Josidiah looked to the cat, into the marvelous yellow-green eyes, shining intently still, though the moment of death was upon her. He studied the animal, the beautiful, silent friend. “Shadow,” he declared.
“No, not shadow,” said Josidiah, and he held back the dagger once more. “The high elvish word for shadow.” He looked right into the cat’s eyes, se
arching for some confirmation. He had not chosen this name, he suddenly understood; this had been the panther’s name all along.
“Guenhwyvar.”
As soon as he uttered the name, there came a black flash, like the negative image of one of Anders’s lightning bolts. Gray mist filled the room; the cloth swatch contracted and disappeared altogether, and then the panther, too, was gone, dissipating into nothingness.
Anders and Josidiah fell back, sitting side by side. It seemed for a moment that there was a profound line of emptiness in the room, a rift in the universe, as though the fabric of the planes of existence had been torn asunder.

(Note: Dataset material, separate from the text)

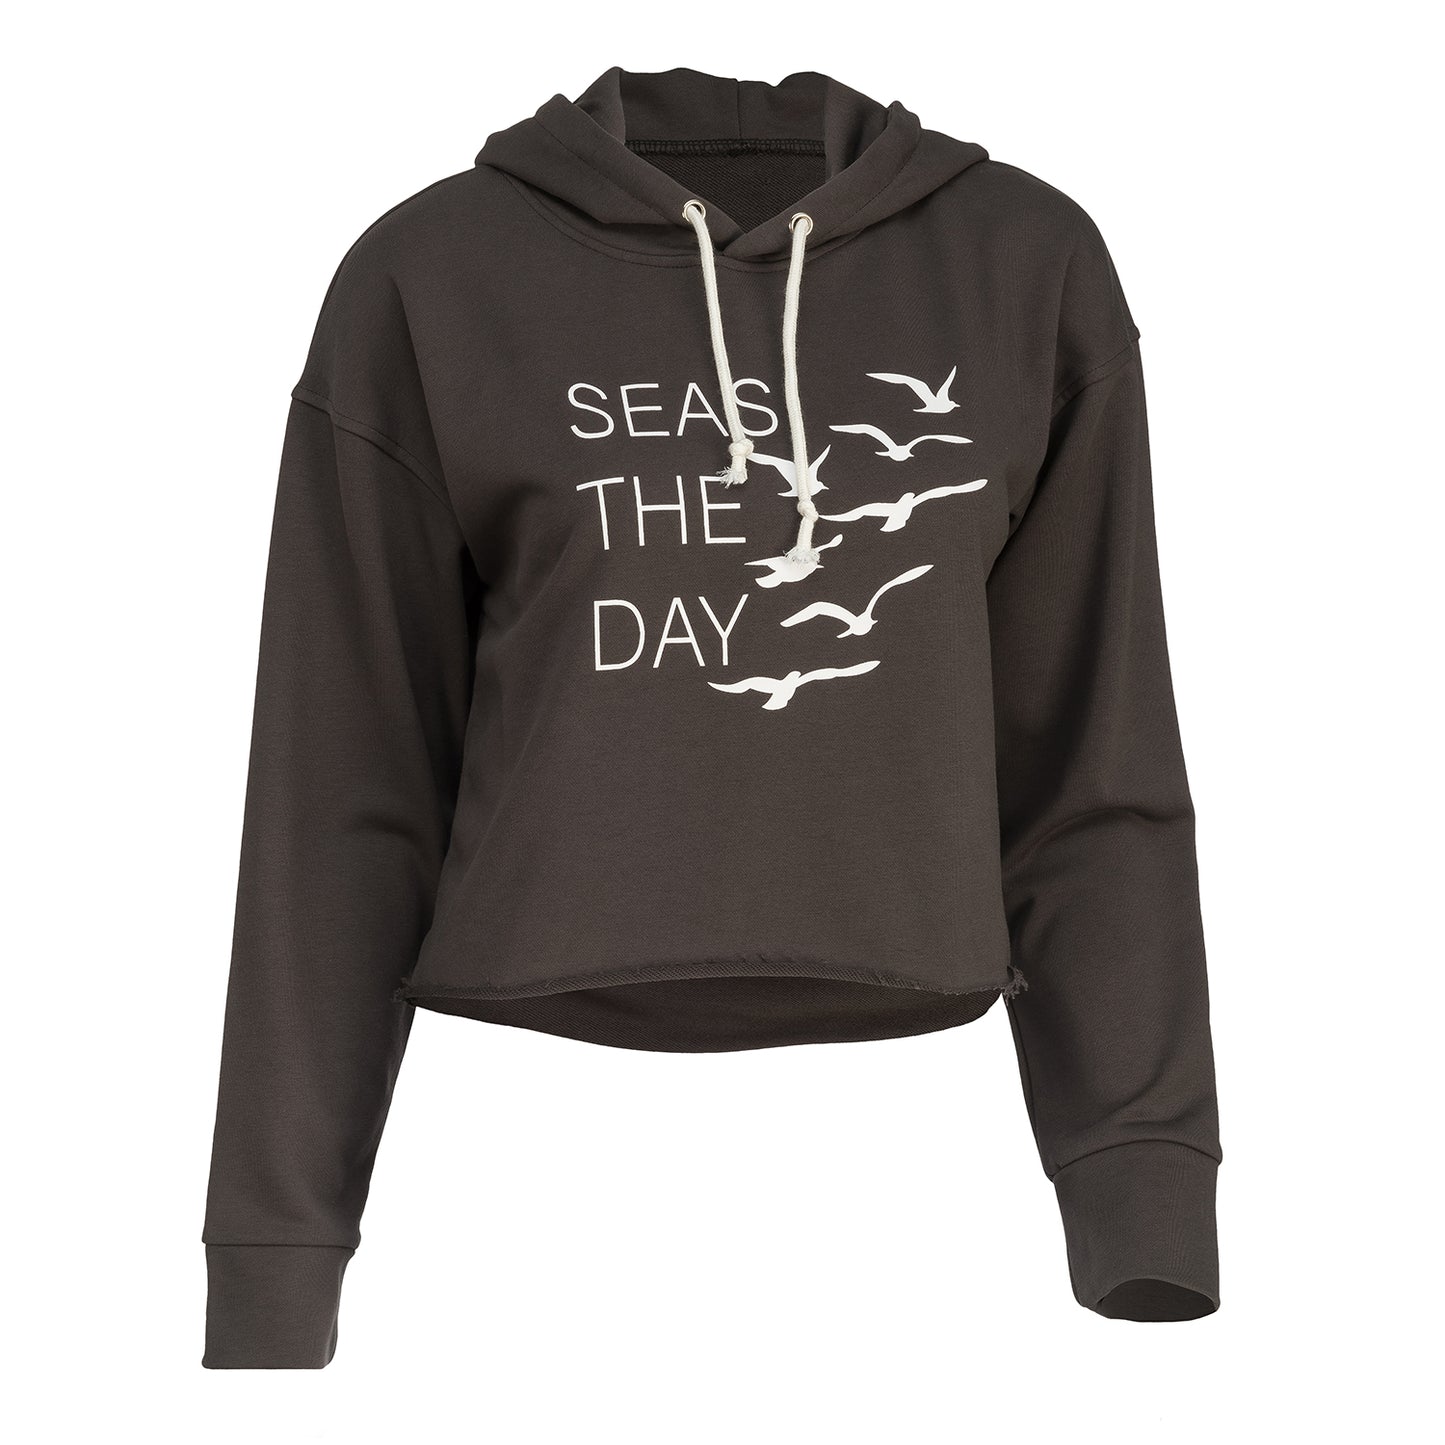 Seas The Day Cropped Hoodie

But then it was gone, everything—panther, hole, and rift, and all that remained was the figurine.
“What did you do?” Josidiah asked the mage.
“I?” balked Anders. “What did you do?”
Josidiah moved cautiously to retrieve the figurine. With it in hand, he looked back to Anders, who nodded slowly in agreement.
“Guenhwyvar,” the elf called nervously.
A moment later, the area beside the elf filled with the gray mist, swirling and gradually taking the shape of the panther. She was breathing more easily, as though her wounds were fast on the mend. She looked up at Josidiah, and the elf’s breath fell away, lost in the intensity, the intelligence, of that gaze.
This was no slave, no magical tool; this was the panther, the same wondrous panther!
“How did you do this?” the elf asked.
“I know not,” Anders replied. “And I do not even know what I, what we, have done, with the figurine. It is the statuette that transforms into the living beast, and yet, the cat is here, and so is the statuette!” The old mage chuckled, locking gazes with the elf. “Send her away to heal,” he bade.
Josidiah looked to the cat. “Go, Guenhwyvar, but I shall summon you forth again, I promise.”
The panther growled, but it was not an angry sound, and she began a slow, limping pace, melting away into gray mist.
“That is the joy of magic,” Anders said. “The mystery of it all. Why, even the greatest wizards could not explain this, I should guess. Perhaps all of my preparation, perhaps the magic of the hole—ah, yes, my dear, lost hole!—perhaps the combination of all these things.